AI/ML Deep Dive: Interpretability

Day 27 · 2026-06-13 · Difficulty ★★★★☆

For: engineers with coding experience, non-AI background

Engineering counterpart → super-individual D10: Hallucination mitigation (turning interpretability insight into anti-hallucination engineering)

Mechanistic InterpretabilityMechanistic Interpretability

reverse engineeringresidual stream

One-line analogy

A trained neural network is a binary with no source code—weights are the "compiled artifact," a forward pass is "running it," yet no one ever wrote its internal logic.
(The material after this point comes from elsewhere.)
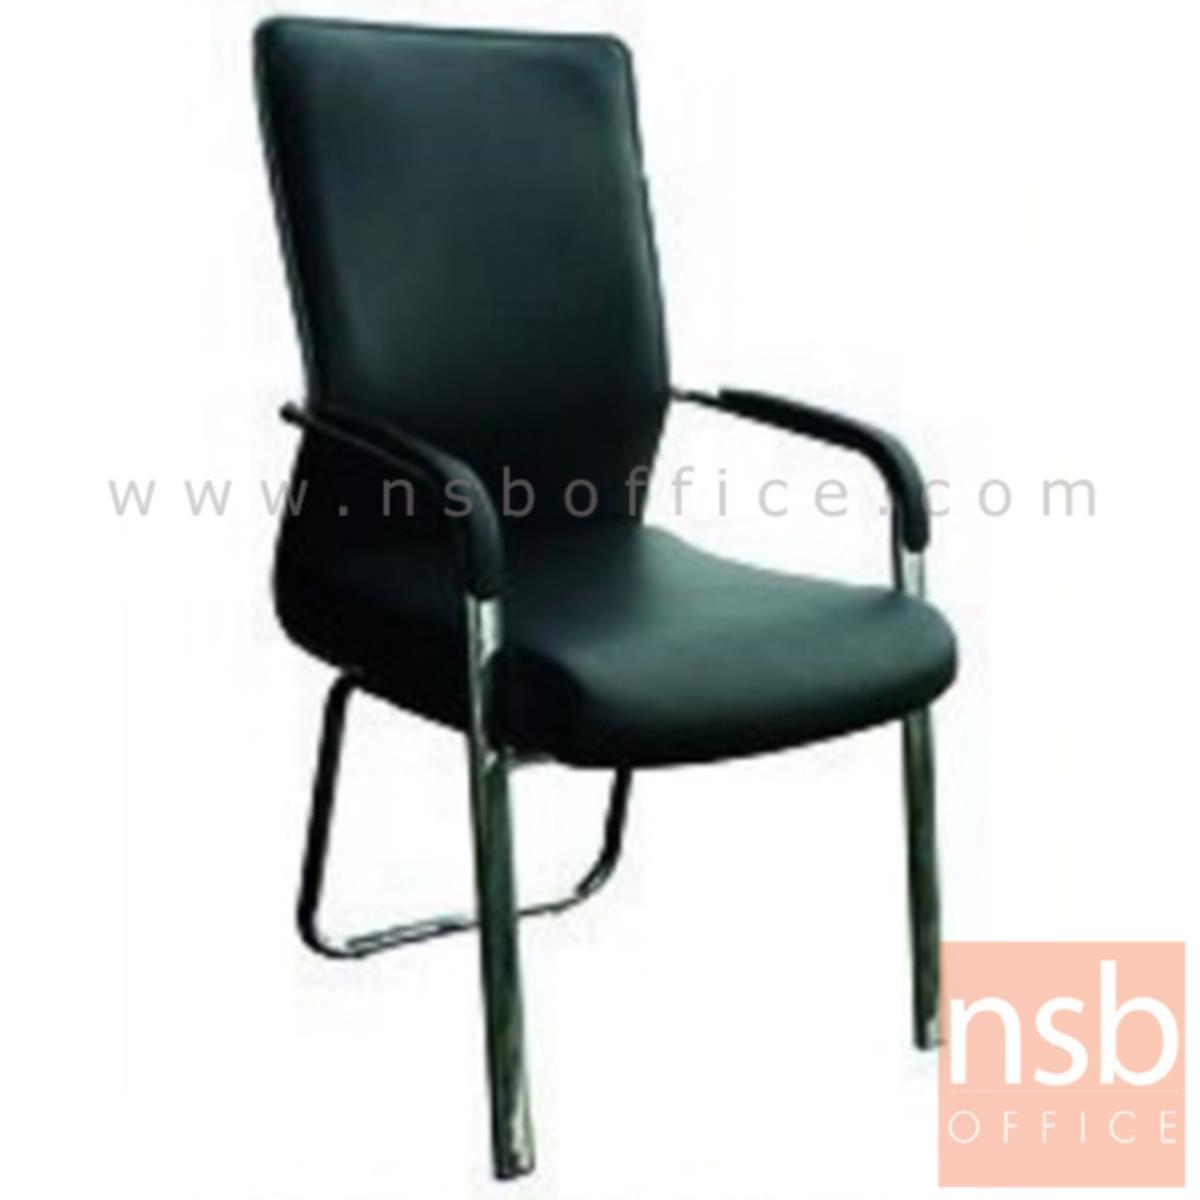 เก้าอี้รับแขก รุ่น ID-ZM3 หุ้มหนังเทียม โครงขาเหล็ก
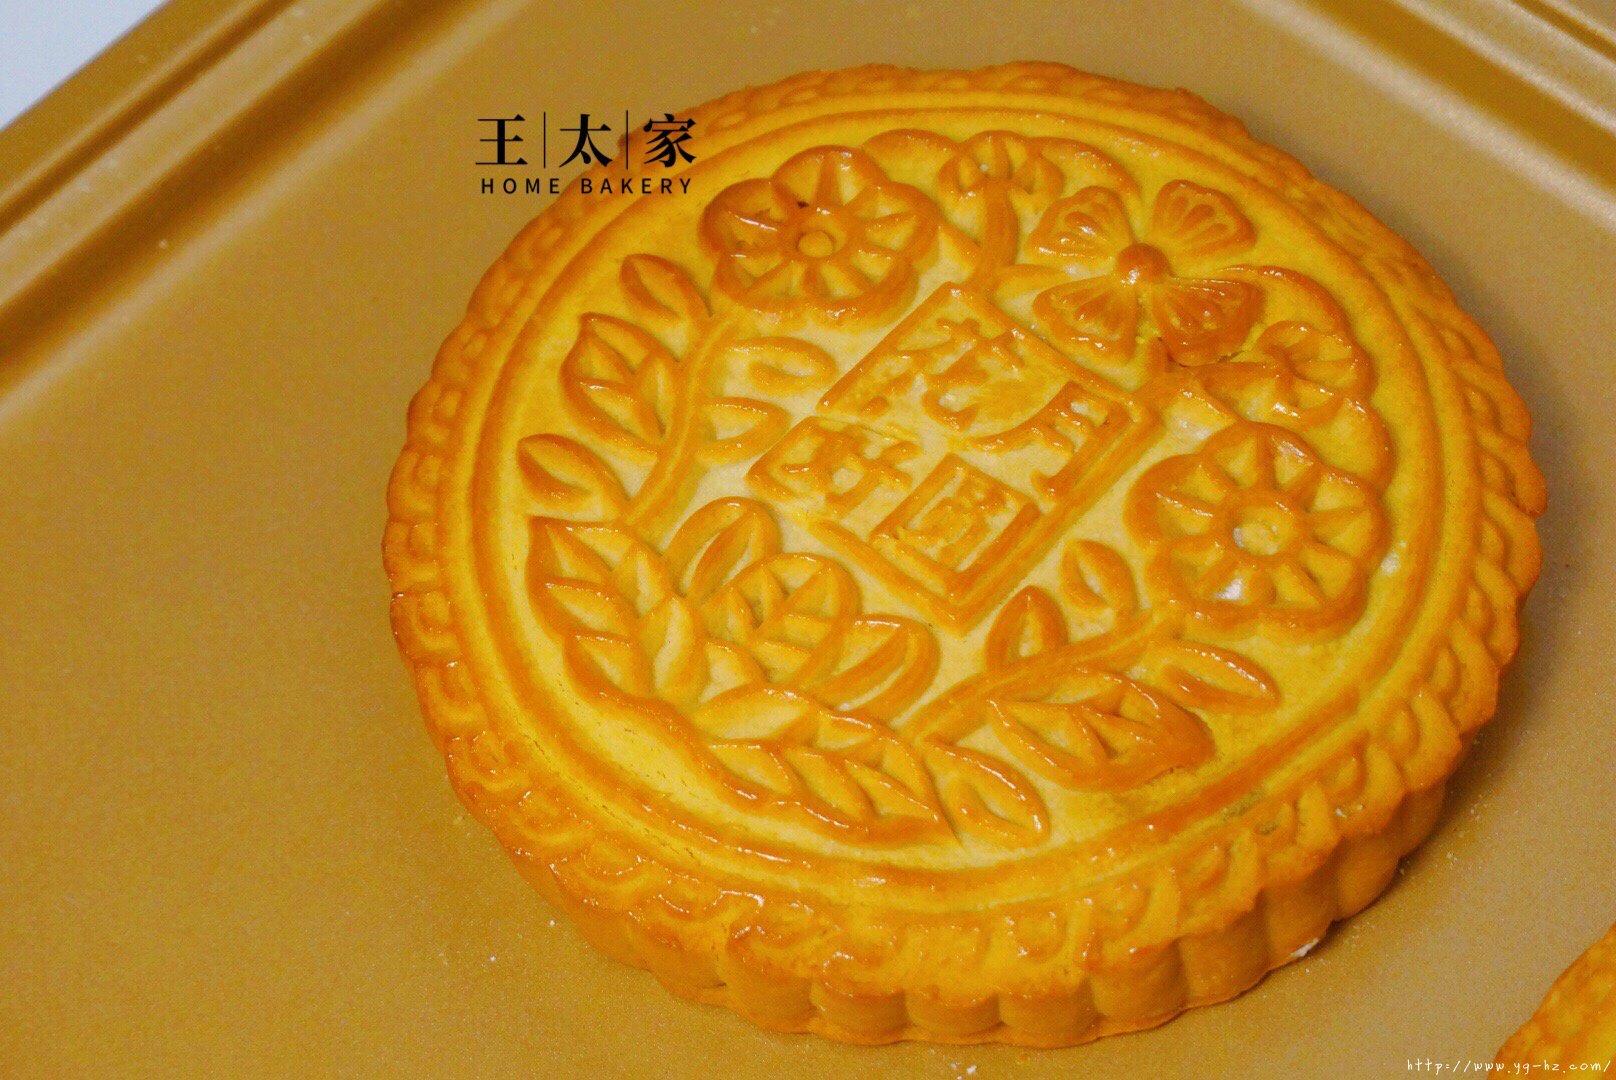 中秋月饼之比脸大的大月饼——全家团圆分享的做法 步骤26

Mechanistic interpretability is disassembly + single-step debugging: without touching the weights, you attach "breakpoints" and "distributed tracing" to the black box and watch, layer by layer, what each component reads, what it writes, and which hop's signal it passes downstream. The goal is not "does the model predict well" but "what algorithm is actually running inside."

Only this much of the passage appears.